The novel recounts Valentino’s life story from his early childhood years in Marial Bai, a village in the north Bahr-al-Ghazal region in what is today South Sudan, to his adulthood in America, resettled from the refugee camps of Kenya in an act of humanitarian largesse. Covering the decades-long second Sudanese Civil War, Valentino’s life story rehearses a highly-personalized experience of a conflict which remains frequently misunderstood in the European and American media, reduced either to a case of “ethnic rivalry” or conflated with the Darfur genocide. The root causes of the war remain complex, stemming in part from the divisions imposed under British colonialism; control over natural resources between the north and south of the country; the spread of religious fundamentalism in the region; and unresolved tensions lingering from the first Civil War. Throughout the novel, Valentino’s narration alludes to this intricate background in an intimate register, foregrounding his personal narrative above overt didacticism. Over the course of the American frame narrative, Valentino is violently assaulted and robbed at gunpoint by an African American couple who he naively allows into his apartment to use the phone; guarded over and assaulted anew by their passive conspirator, a young boy named Michael; ignored and denied adequate medical care in one of Atlanta’s overworked emergency rooms; and left to navigate the streets of the city at three in the morning. Across these experiences, Valentino is met with apathy and active dissociation by the Americans he encounters, from his neighbours, who ignore his screams for help during and after the robbery, to the emergency room staff, who are unable to provide anything by way of real aid, to the customers at the high-end sports club at which he works, who neither notice nor enquire after his injuries. Running in parallel is Valentino’s story of a tranquil childhood existence in rural South Sudan, interrupted by the invasion of government-sponsored militias, setting him on the long path to the refugee camp, and addressed largely as an interior monologue directed at the passive American witnesses to his present-day suffering. Throughout these recollections, the majority of which occur as he is bound and gagged on the floor of his apartment, Valentino attempts to achieve a moment of empathy with these imagined interlocutors, despite their continued refusal.
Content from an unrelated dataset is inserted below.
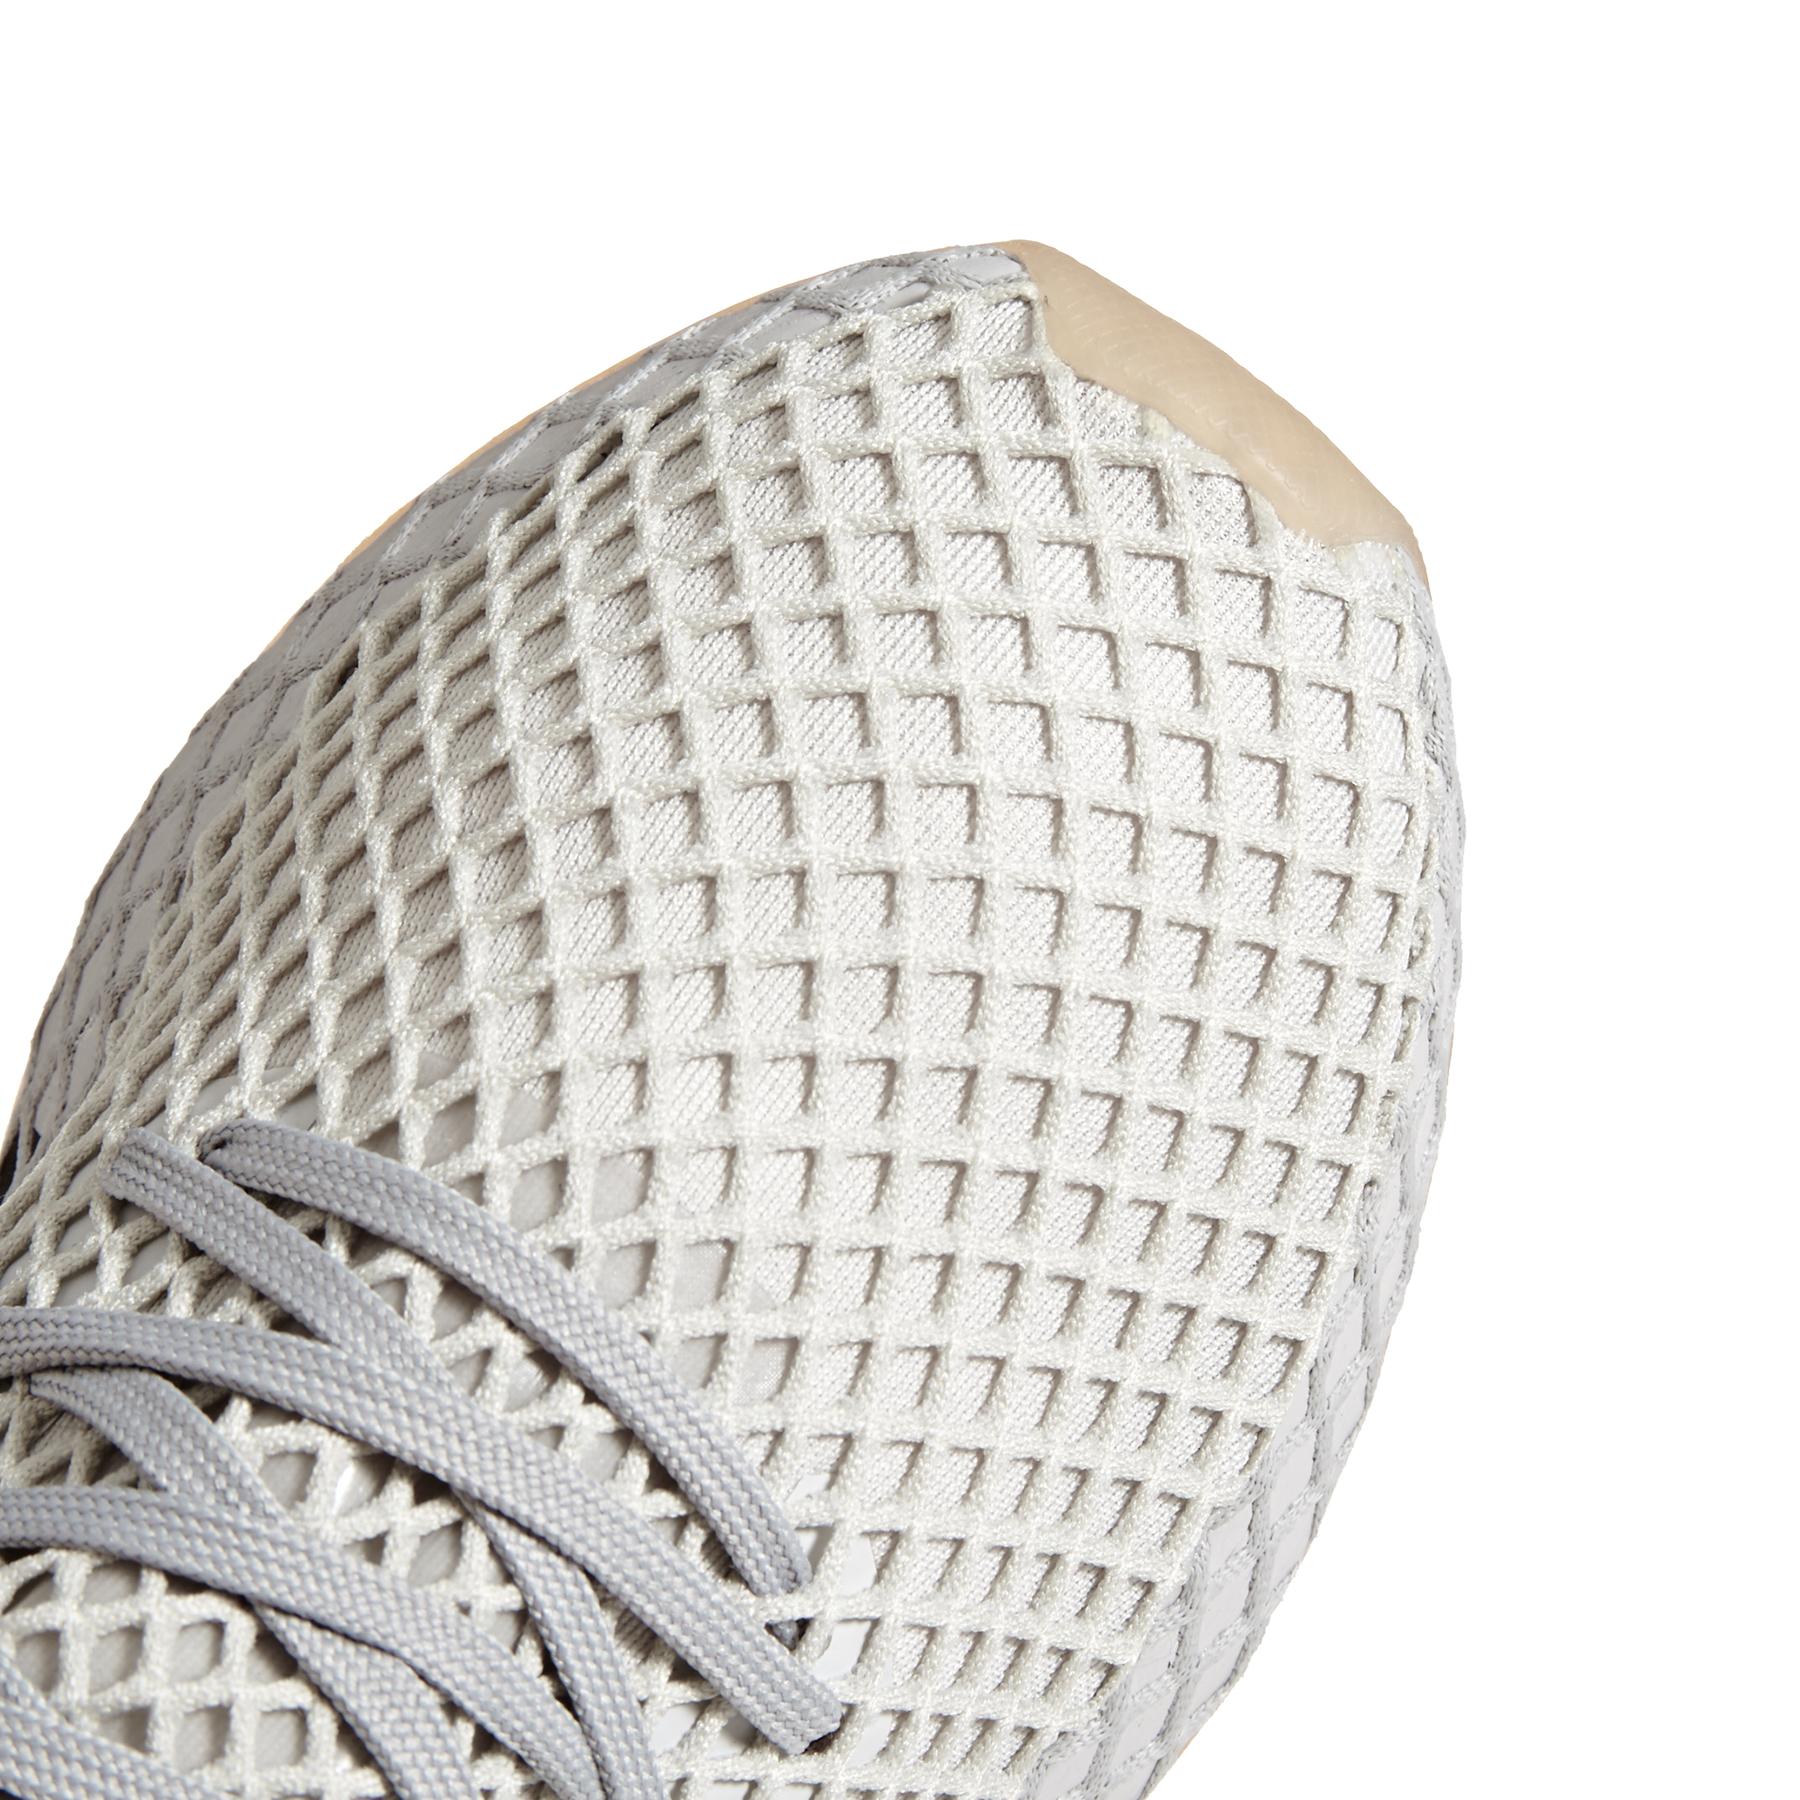 adidas originals DEERUPT RUNNER GREY THREE F17lgh solid greyGUM 1 bei
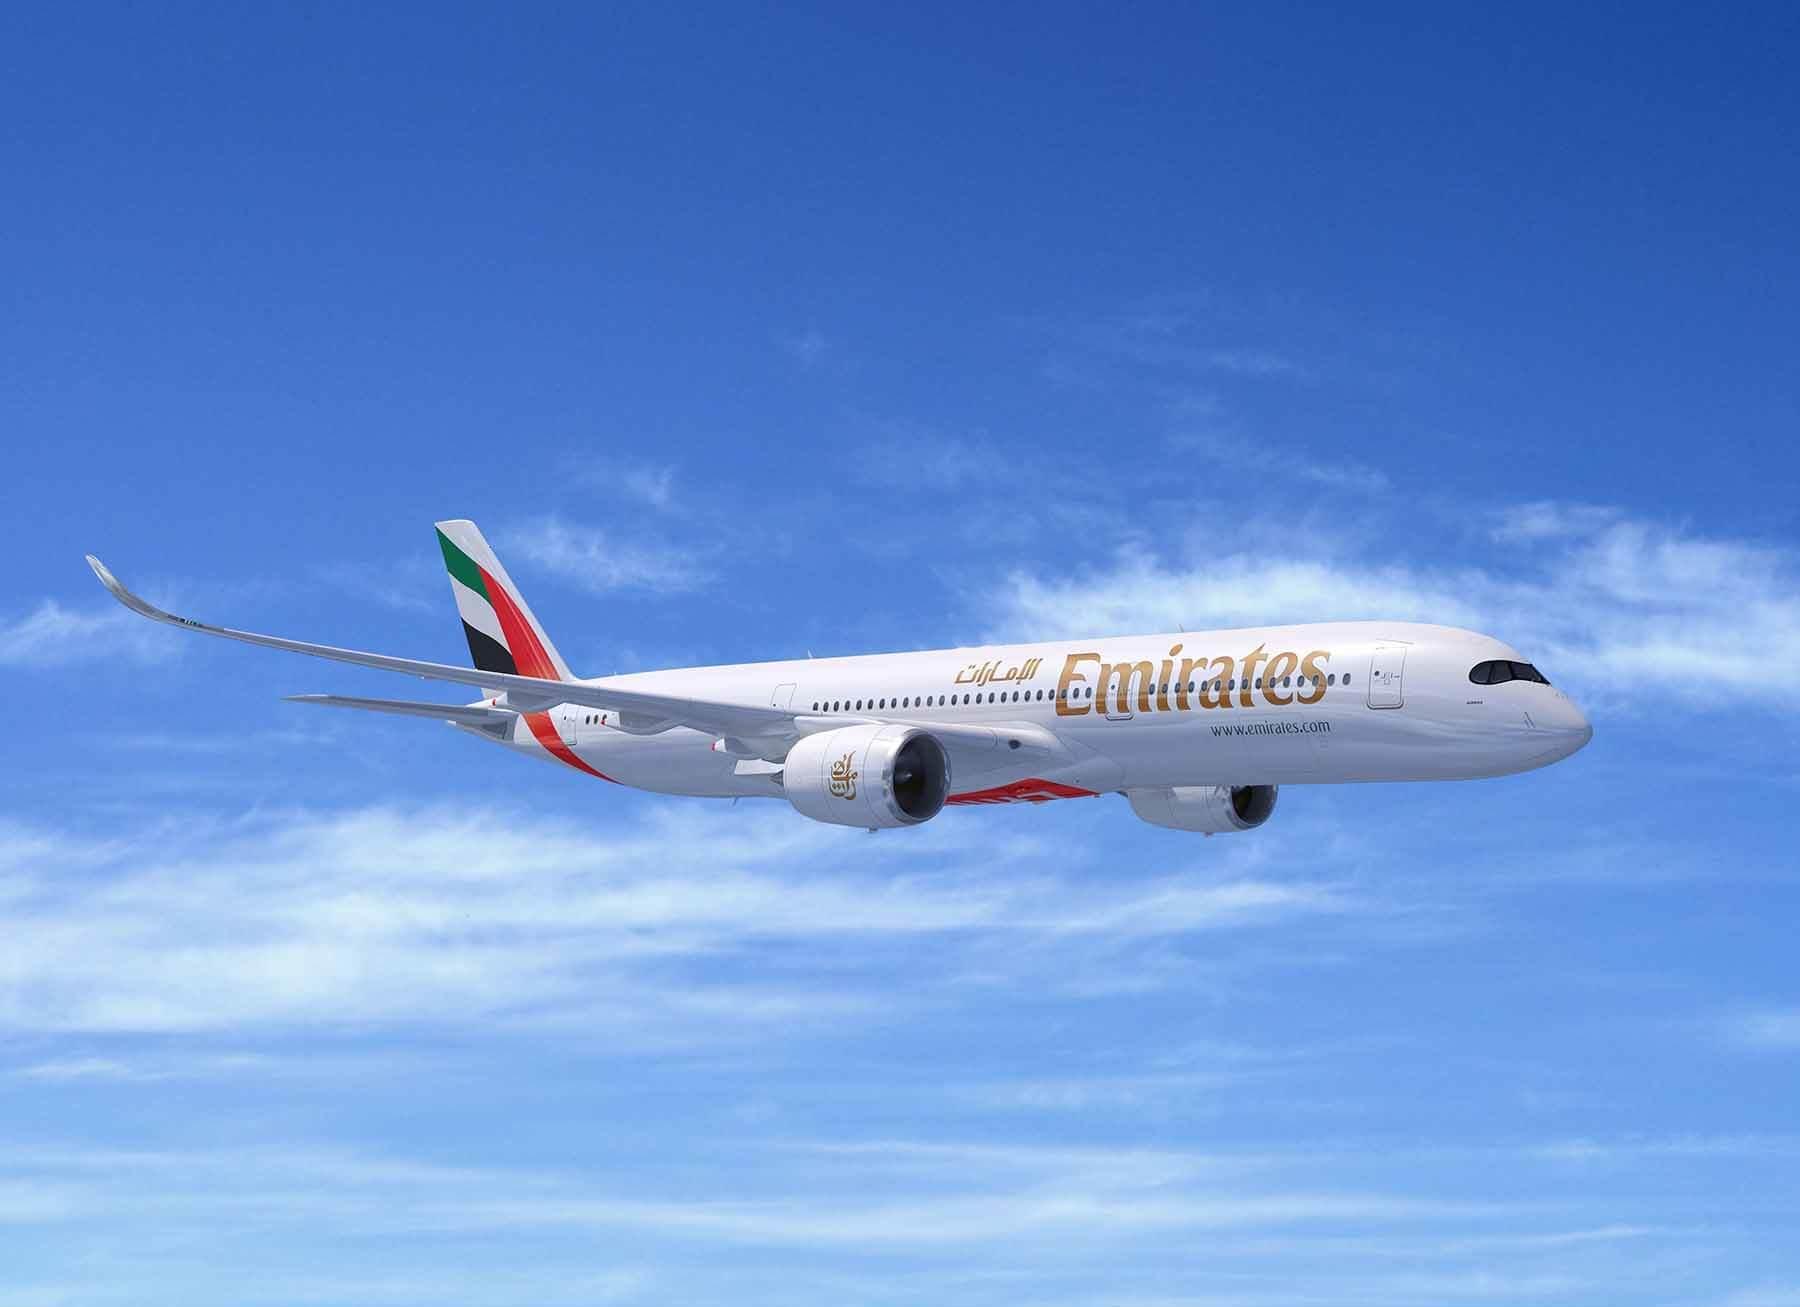 Emirates Airline orders 50 Airbus A350XWB jets at Dubai Airshow 2019

Throughout its course, What Is the What repeatedly calls attention to its metafictional function as a critical commentary on the testimonial genre, gesturing towards its own unreliability in ways which are both implicit and explicit, while simultaneously foregrounding its strategic purpose as an intervention in documentarian perspectives on the African continent, and particularly African conflict, which rely on a single story of suffering and humanitarianism. Early in the narrative, Valentino’s narration admits to its utilitarian function, acknowledged in his comments that sponsors and newspaper reporters and the like expect the stories to have certain elements, and the Lost Boys have been consistent in their willingness to oblige. Survivors tell the stories the sympathetic want, and that means making them as shocking as possible. My own story includes enough small embellishments that I cannot criticize the accounts of others. (21)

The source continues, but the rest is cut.